What travelers and renters should watch

If you're planning to rent — especially at airports or during peak travel windows — keep an eye on model availability and rates. Smaller agencies might run out of compact or convertible options quicker than the major players who can tap global procurement networks. When I last planned a summer getaway, hunting for a convertible felt like looking for a needle in a haystack; similar scarcity now could mean you either pay more or pivot to a different vehicle class.

Key takeaways and the near‑term outlook

Supply constraints are likely to persist into the coming year unless production and import channels normalize. Fleet renewal cycles will lengthen, and operators focused on flexibility — rental companies that can adjust routes, move vehicles between city and airport hubs, and offer a range of vehicles (from economy to luxury and electric) — will fare better. The market is changing, and as the old saying goes, “better safe than sorry.”

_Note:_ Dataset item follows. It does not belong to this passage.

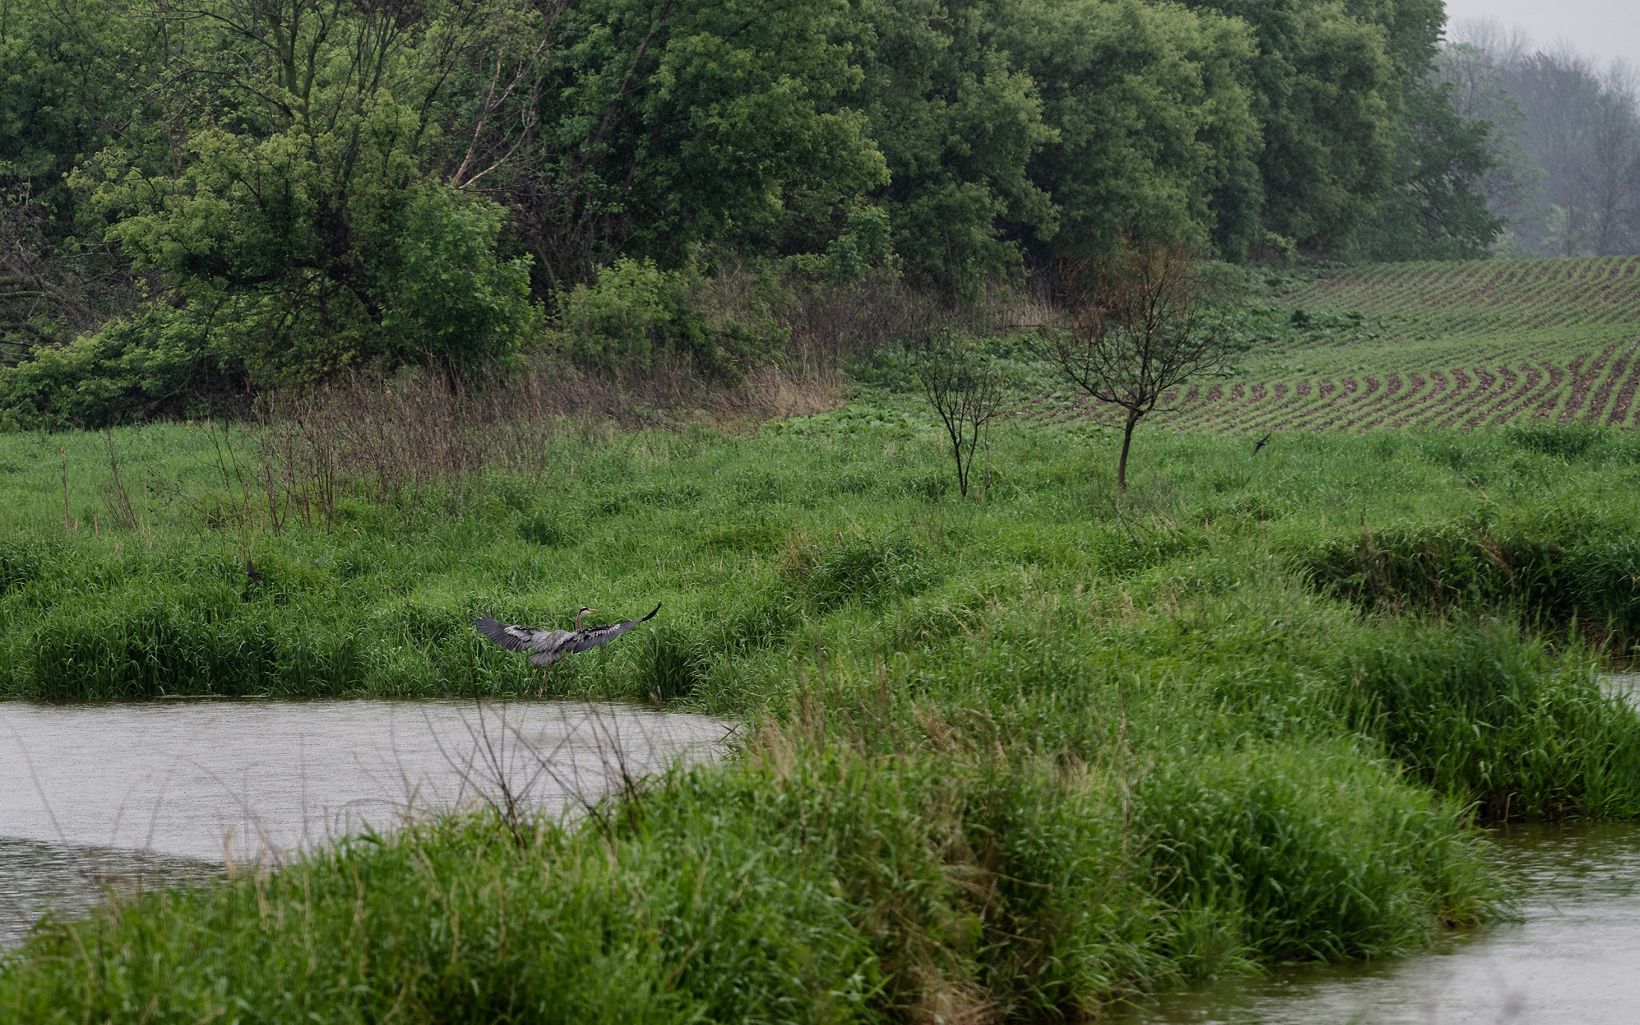 A great blue heron spreads its wings and lands near the edge of a small body of water surrounded by tall green grasses, with a farm field and forest in the background.
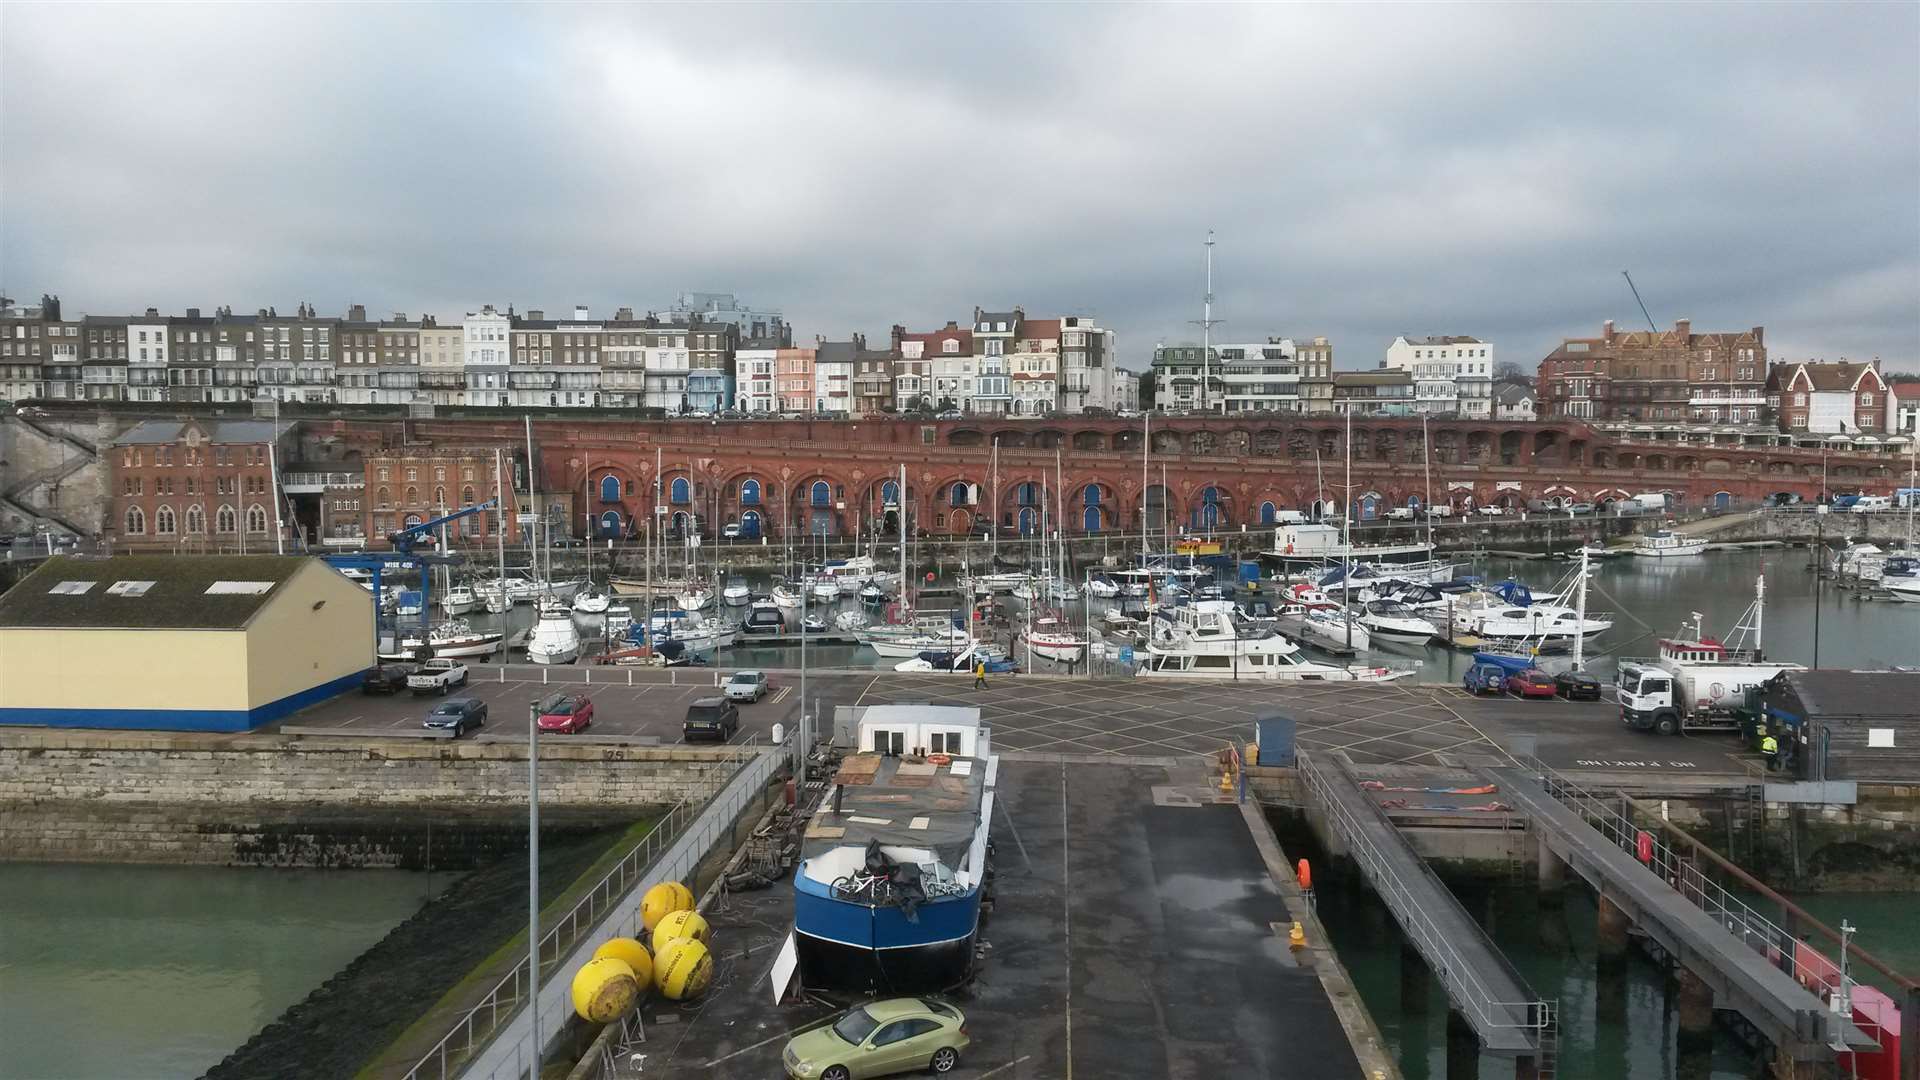 The incident took place at Ramsgate Harbour

Highlights: imports fell by 59% overall; passenger cars constitute 96% of imports but dropped 57%; HCVs contracted by 90% and LCVs by 38%. Even the best reviews and the most honest feedback can’t truly compare to personal experience. On GetRentaCar, you can rent a car from verified providers at reasonable prices. This empowers you to make the most informed decision without unnecessary expenses or disappointments. Provide a short forecast on how this news could impact the global tourism and travel map. If it's insignificant globally, please mention that. However, highlight that it's still relevant to us, as GetRentaCar aims to stay abreast of all developments and keep pace with the changing world. For your next trip, consider the convenience and reliability of GetRentaCar. Book your Ride GetRentaCar.com

In conclusion, the 2025 import collapse reshapes routes from ports to rental desks: expect tighter availability, potential price pressure at airports and city locations, and continued importance of flexible procurement and insurance terms. Whether you're comparing agencies, hunting for the best airport transfer deal, or planning next year’s getaway, focus on verified providers, compare rates and vehicle options (from compact and economy to luxury and electric), and consider weekly or monthly packages to save. The road ahead favors operators and renters who plan, compare, and adapt.

Frequently Asked Questions

How many new vehicles did Russia import in 2025?

Russia imported 1.02 million new automotive units in 2025, which represents a 59% drop from 2024.

Which vehicle segment was most impacted by import reductions?

Heavy commercial vehicles (HCV) were hit hardest, experiencing a 90% decline in imports compared to 2024.

What percentage of imports were passenger cars in 2025?

Passenger cars made up approximately 96% of vehicle imports in 2025, with a 57% year-over-year decline.

What is causing delays in vehicle imports?

Ports are experiencing chaos, with changing customs queues and logistics challenges slowing down new vehicle arrivals.